It's not very hard to figure out my family. If you ever want to get in good with them, tell them you love food. Not just love food, looooove it. Then eat lots of it in front of them.
I don't know how we became such food-lovers. Growing up, I don't remember food playing as obvious a role in our daily lives as it does now. Sure, we went out to eat, but never because we wanted to try something new or exciting. And we were *never* told to finish our plates - ours was the "if you can't finish just leave it!" household.
I've learned a lot about my family through food. My father subscribes to the if-there-are-lots-of-people-inside-it-must-be-good school of thought when it comes to choosing a place to eat. It doesn't matter if it's a dingy little place - as long as there are tons of people inside they must know something we don't. I suppose it's because he really wants to see the best of everything and everybody, and has a lot of faith and trust in others. A common phrase that will come out of my mother's mouth is "you are *exactly* like your father!" and if you see us in a restaurant, it's true. We're the ones who will try something new because it seems silly to order something you've already had, even though it's good. My mother, on the other hand, takes comfort in what she knows to be good. It takes a bit of a wrestle to get her to try something we've never ordered before. It makes sense - she needs order, organization, and cleanliness to function. She loves cookbooks and trying to cook new things - yet she'll rarely try new recipes unless she's seen a food network chef successfully execute it on TV first.
It was food that helped me appreciate my parents more. It first hit me in a restaurant in Paris. There was an amazing place tucked away on a little side street near our apartment - crowded, smoky, and a slight risk because everything was in french. But we loved it so much we went three nights. On the third night, I just shook my head in amazement - there sitting in front of me were two people who at the tender age of 25 hopped on a plane, each carrying two babies adopted by families in the US (crazy - four babies on a 12 hour flight!), so that their tickets would be $200 instead of $2000. They landed in Minnesota and went to school (all over again) so that they could have two kids and move them out to sunny California.
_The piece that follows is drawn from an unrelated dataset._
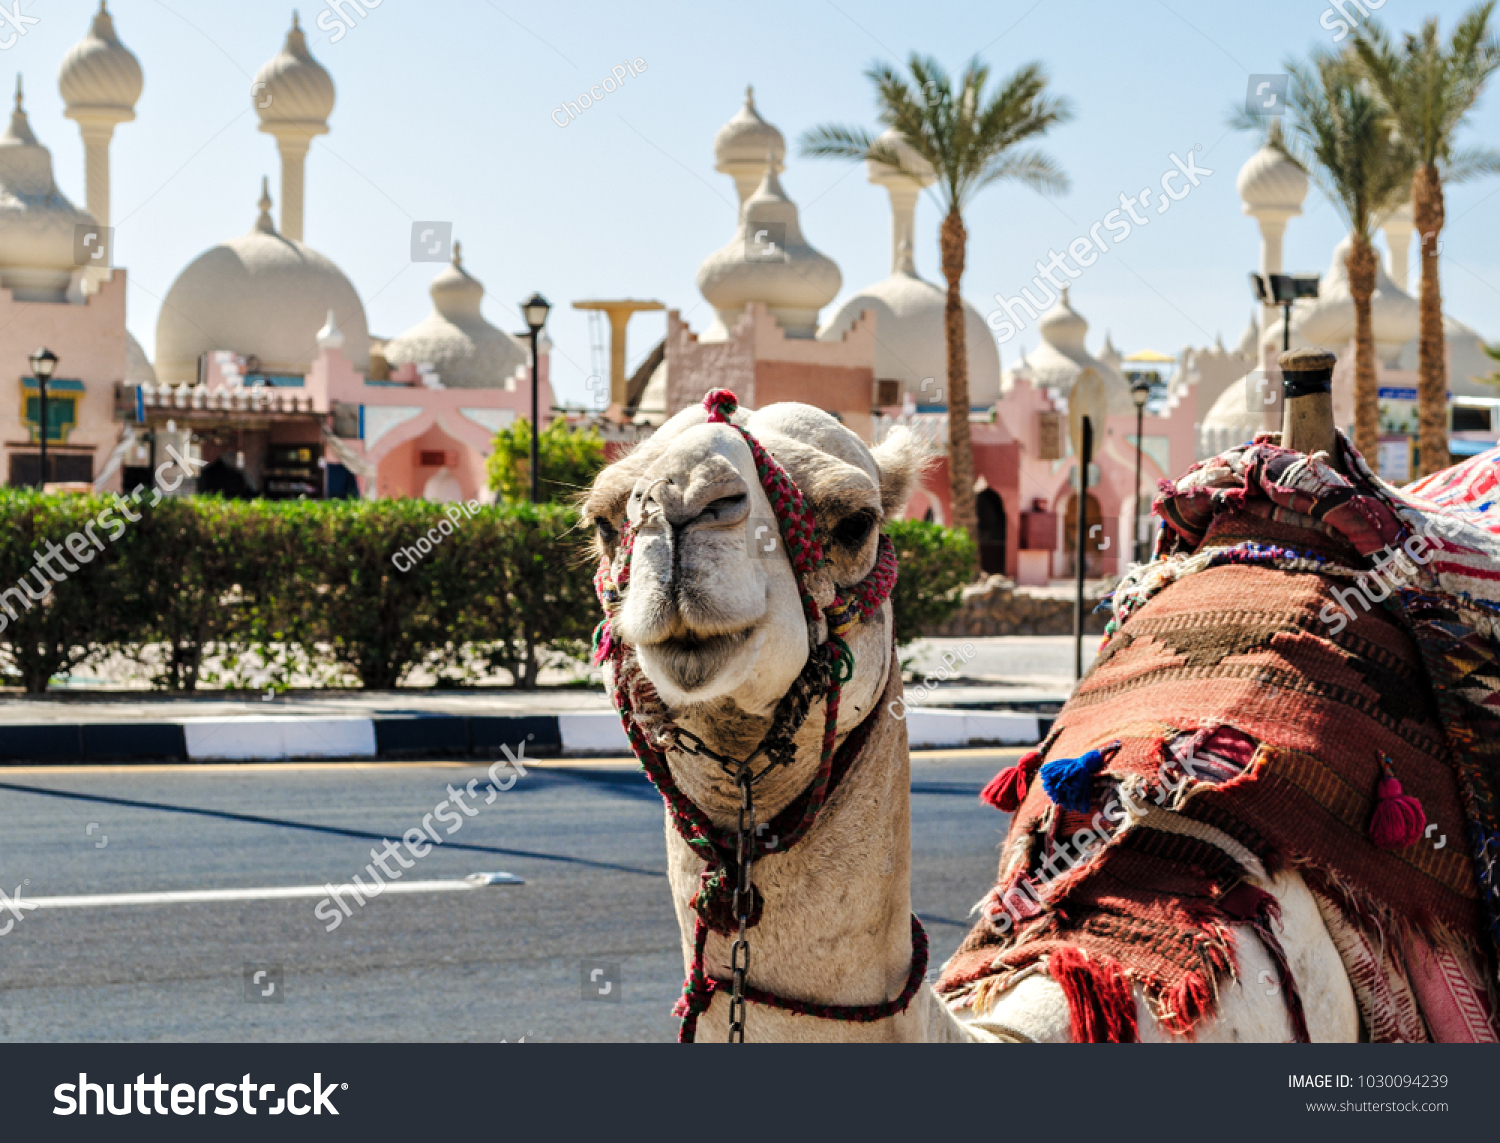 A riding camel in a bright blanket on the sunny street of Sharm El Sheikh #1030094239

All they knew growing up were the soups and stews and pickles of postwar Korean cuisine. They could have stopped right there, but they were not content to be immigrants who just got by in a new country while feverishly clinging to the only customs they knew. They really embraced what they thought to be the american spirit - trying new things not for trend's sake (which is typically Korean) but really because you had the opportunity to. And here they were in Paris, devouring moules, poisson gratin, aubergine caviar and fried anchovies. They had an organic garden waiting for them back at home. I never understood the significance of what my parents had went through to get here until I saw how they took that opportunity and ran with it. And while I'm normally proud of my parents, at that moment I wanted to burst with it. And that was just the beginning. There was curry eaten off of banana leaves in Singapore. Glasses of cider and plates of tapas while tottering around San Sebastian. Haggis in Edinburgh. Churrasco in Brazil. Guacamole in Mexico City.
My brother and I are so lucky - we could have been pulled in so many different directions, trying to assimilate to a culture foreign to my parents and living life the way my parents had when they were young. Instead, we were shown that whatever you decide to do you should just throw your whole self into it while keeping the best parts of your past experiences.